De minister en betrokkene hebben een verweerschrift ingediend.
De minister heeft op 22 september 2005 een nieuw besluit genomen.
Het onderzoek ter zitting heeft plaatsgevonden op 9 november 2006. Betrokkene is verschenen. De minister heeft zich laten vertegenwoordigen door mr. T.E.J.M. Smink, werkzaam bij de Belastingdienst.
1. Op grond van de gedingstukken en het verhandelde ter zitting gaat de Raad uit van de volgende hier van belang zijnde feiten en omstandigheden.
1.1. Betrokkene was werkzaam bij de eenheid Particulieren/Ondernemingen van de Belastingdienst te Leiden.

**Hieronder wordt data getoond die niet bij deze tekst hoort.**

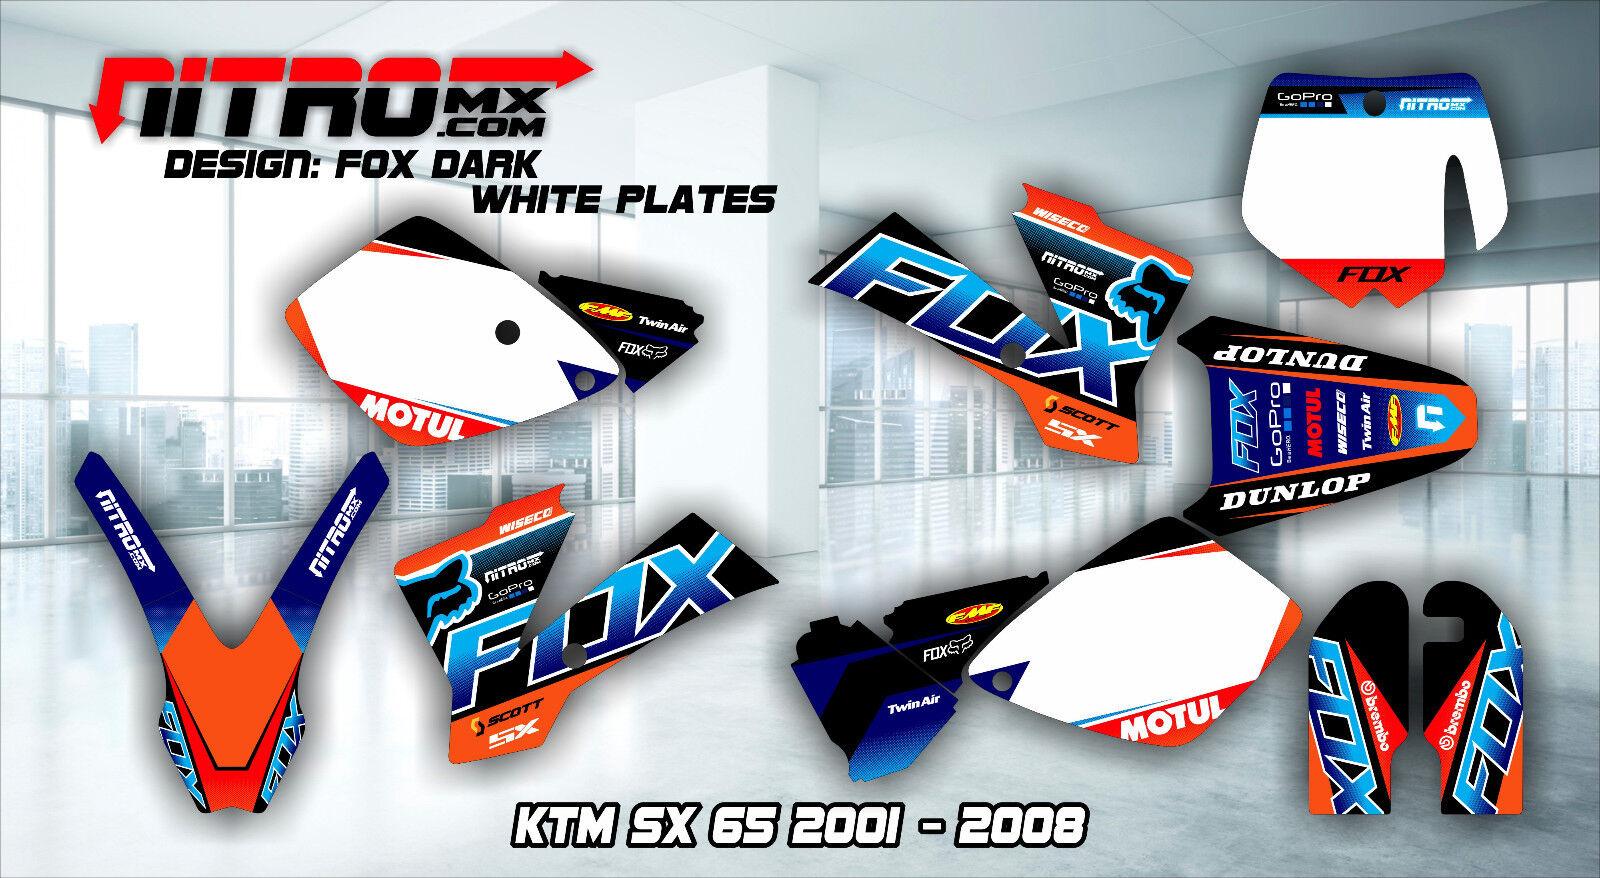 NitroMX Graphic Kit for KTM SX 65 SX65 2001 2002 2003 2004 2005 2006 2007 2008
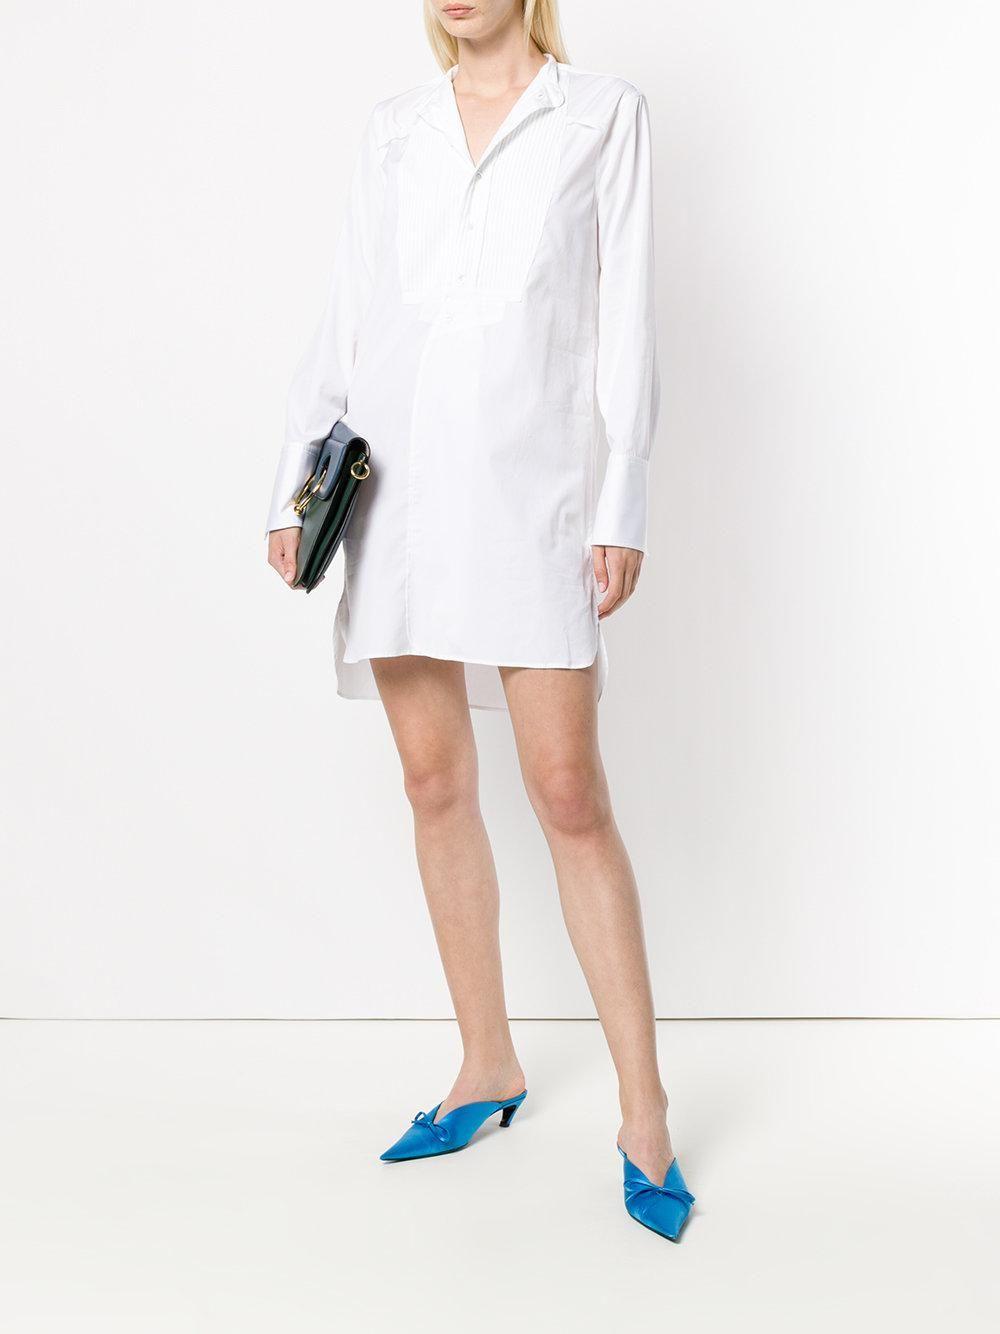 Victoria Victoria Beckham White Victoria Victoria Beckham Collarless Shirt White Dress [ 1334 x 1000 Pixel ]

Bij besluit van 14 juli 2000 is hij door de minister met ingang van 1 september 2000 geplaatst in de functie van beleidsmedewerker bij de Directie Wetgeving Directe Belastingen van het Directoraat-Generaal voor Fiscale zaken van het Ministerie van Financiën. Bij besluit van 5 augustus 2002 heeft de minister de duur van deze plaatsing verlengd van 1 september 2002 tot 1 september 2003.
1.2. Bij besluit van 14 augustus 2003 heeft de minister betrokkene ontheven uit de functie van beleidsmedewerker bij de Directie Wetgeving Directe Belastingen en bij besluit van
7 oktober 2003 is betrokkene met ingang van 11 augustus 2003 geplaatst in de functie van behandelfunctionaris I in winst-unit 1 bij de Belastingdienst Holland Midden, kantoor Hoofddorp.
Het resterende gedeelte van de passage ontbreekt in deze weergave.